La Pologne adopte un amendement permettant aux collectivités locales et aux coopératives d'habitation d'interdire les locations de courte durée
Le cabinet polonais a approuvé un amendement rétablissant les pouvoirs des municipalités et des coopératives d'habitation de restreindre les locations touristiques, avec une mise en œuvre complète prévue pour 2028.
Pouvoirs d'interdiction locale rétablis
Le Conseil des ministres polonais a adopté mercredi 2 septembre 2026 un amendement au projet de loi réglementant les hébergements touristiques de courte durée. Soumis par le ministère des Sports et du Tourisme, le texte révisé accorde aux municipalités, aux communautés d'habitation et aux coopératives d'habitation le pouvoir d'interdire ou de restreindre les locations de courte durée sur leur territoire. Selon les dispositions proposées, les conseils municipaux peuvent établir des zones désignées sans location de courte durée, tandis que les communautés d'habitation et les coopératives peuvent adopter des résolutions interdisant ces services dans des immeubles spécifiques. La mesure vise à répondre aux problèmes liés aux appartements touristiques dans les zones résidentielles, notamment les nuisances sonores nocturnes, les perturbations et les dégradations dans les parties communes.
Conflit de coalition et compromis politique
La décision rétablit des dispositions qui avaient été supprimées de la version initiale du projet de loi plus tôt dans l'été. En juillet 2026, le gouvernement avait approuvé une version de l'amendement qui excluait les zones d'interdiction municipales, après que le vice-ministre des Sports et du Tourisme Ireneusz Raś a fait valoir que des pouvoirs d'interdiction distincts n'étaient pas nécessaires.
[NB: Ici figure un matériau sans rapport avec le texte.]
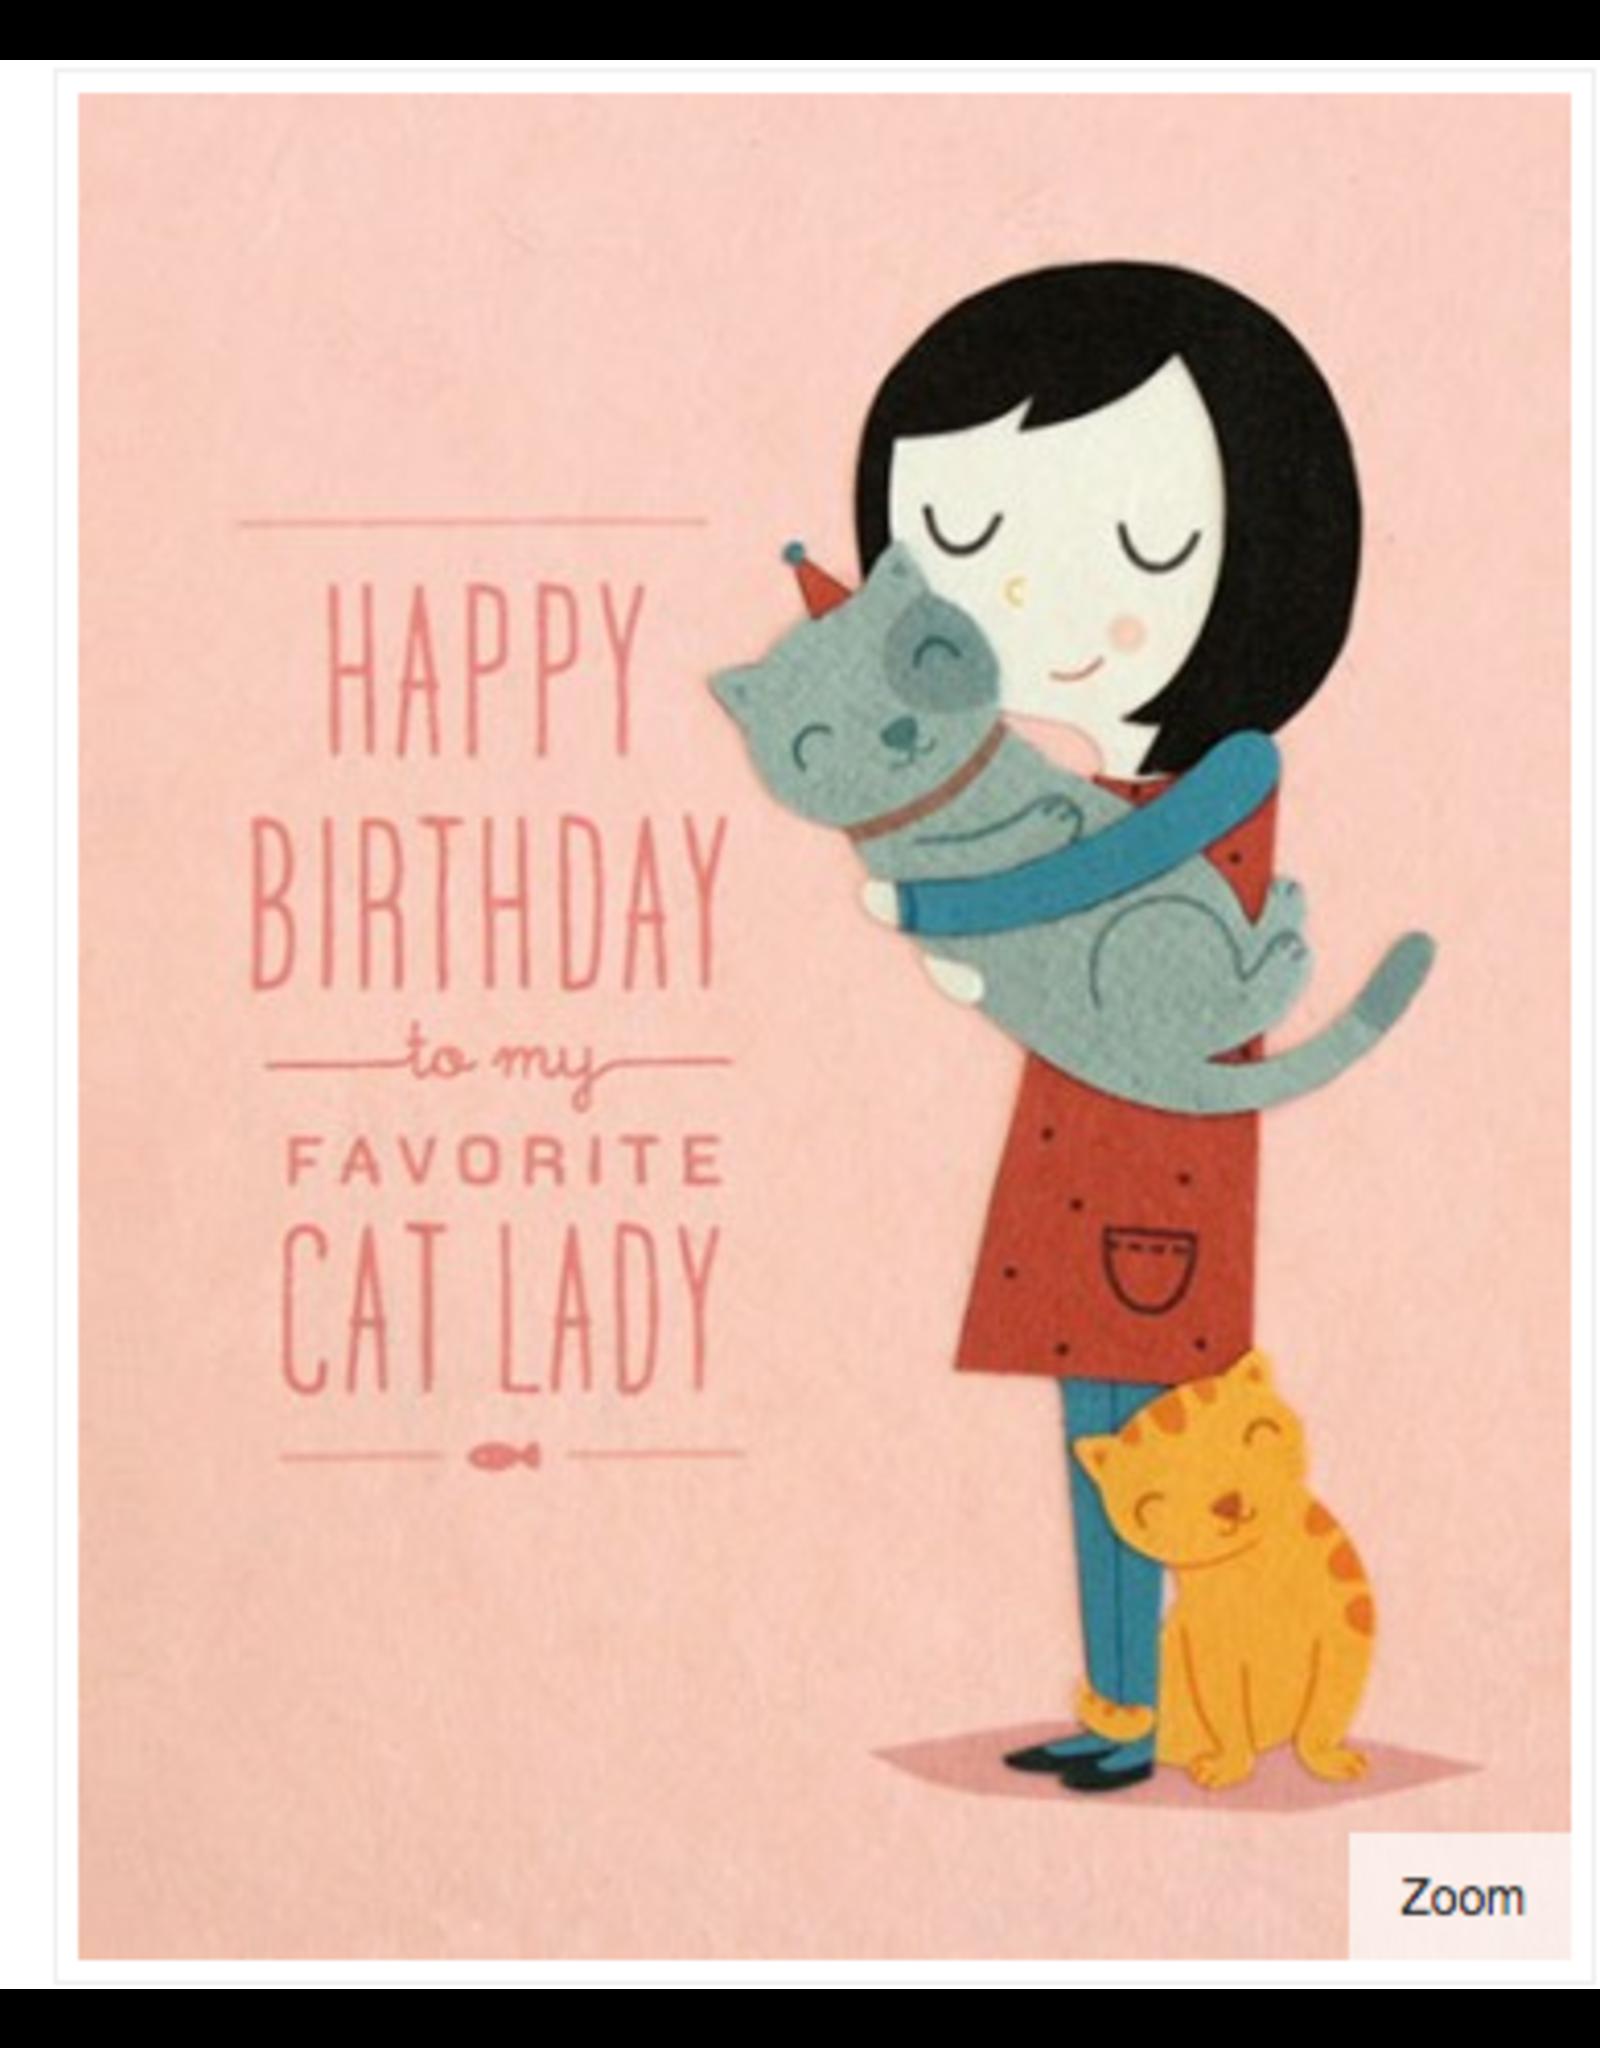 Cat Lady Birthday

Cette décision a suscité une opposition publique au sein de la coalition au pouvoir, notamment de la part de la ministre des Fonds et de la Politique régionale Katarzyna Pełczyńska-Nałęcz.
Présentant son objection à la suppression antérieure, Pełczyńska-Nałęcz a critiqué l'omission des contrôles des collectivités locales.
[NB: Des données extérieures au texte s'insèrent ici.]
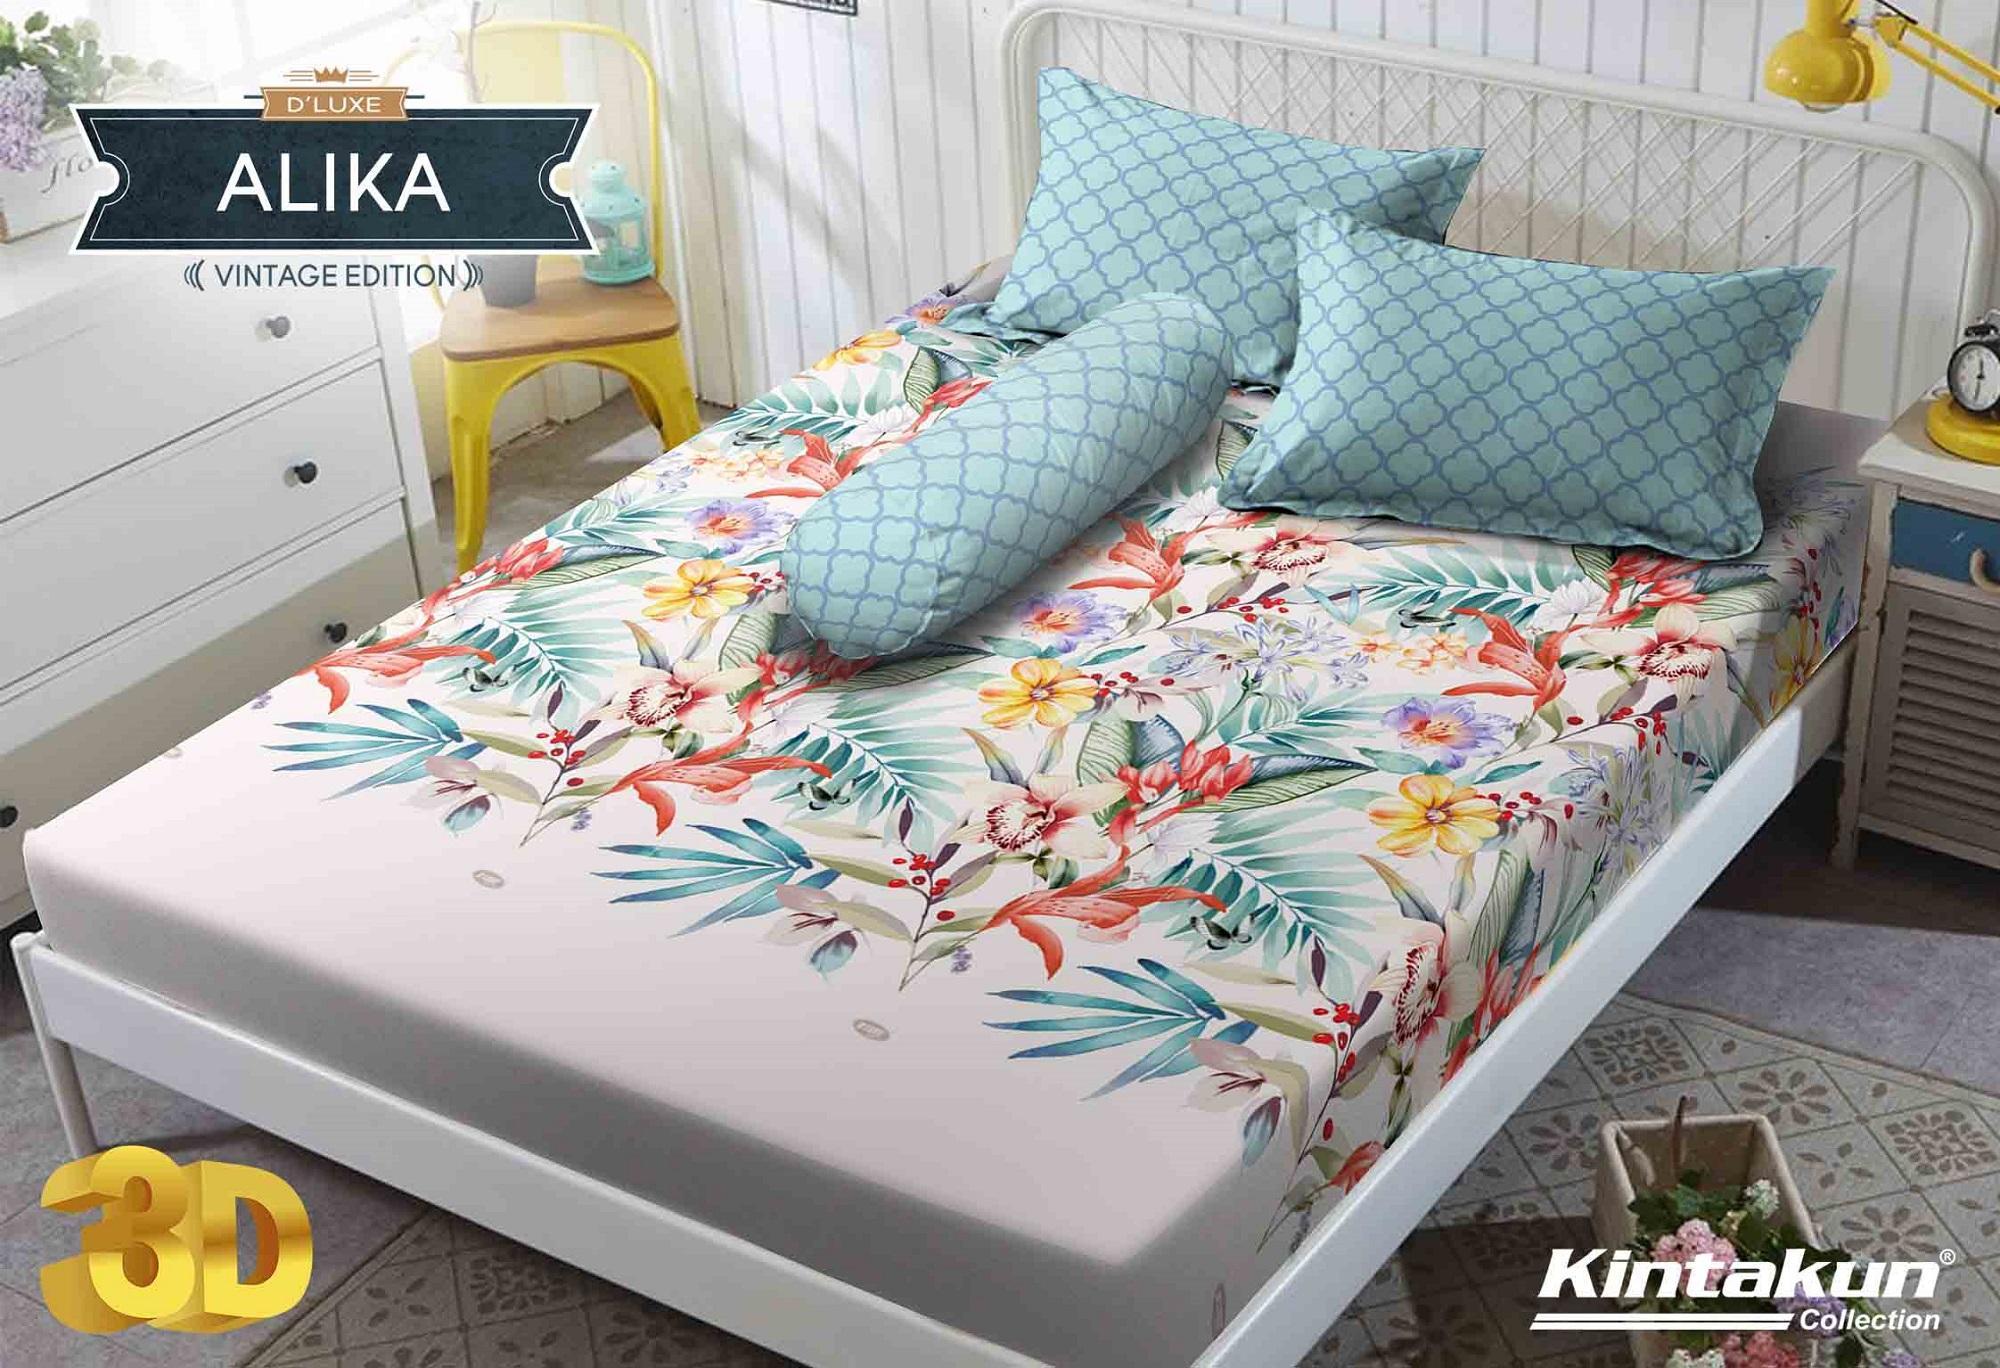 Sprei Kintakun DLuxe Single Size Vintage Edition Uk. 120x200 cm - Alika

Le projet donne zéro droit aux collectivités locales pour désigner des zones sans Airbnb et zéro possibilité pour les résidents de décider s'ils auront un patho-hôtel à côté, qui se transforme souvent en une institution encore pire.
Suite aux interventions du Premier ministre Donald Tusk, la coalition gouvernementale s'est mise d'accord sur un langage de compromis qui rétablit à la fois les pouvoirs de zonage municipaux et les interdictions au niveau des bâtiments par les copropriétaires résidentiels.
Règles d'application et d'enregistrement
Selon la législation modifiée, un service de location de courte durée est légalement défini comme tout service d'hébergement fourni pour une durée maximale de 30 jours. Pour lutter contre l'économie souterraine et aligner les normes nationales sur les réglementations européennes, le projet de loi introduit un registre central obligatoire pour toutes les propriétés locatives de courte durée, quel que soit leur gestionnaire. Les propriétaires s'exposent à des sanctions financières s'ils ne déclarent pas leurs locaux. Le projet étend également le pouvoir des résidents permanents, des coopératives et des associations de copropriétaires de déclencher des inspections municipales officielles concernant les violations de l'ordre public et de la sécurité, y compris le droit de demander la radiation des propriétés non conformes. Lorsqu'une communauté d'habitation ou une coopérative adopte une résolution formelle interdisant les locations touristiques dans un immeuble, le propriétaire bénéficie d'une période de transition de six mois pour mettre fin aux opérations touristiques.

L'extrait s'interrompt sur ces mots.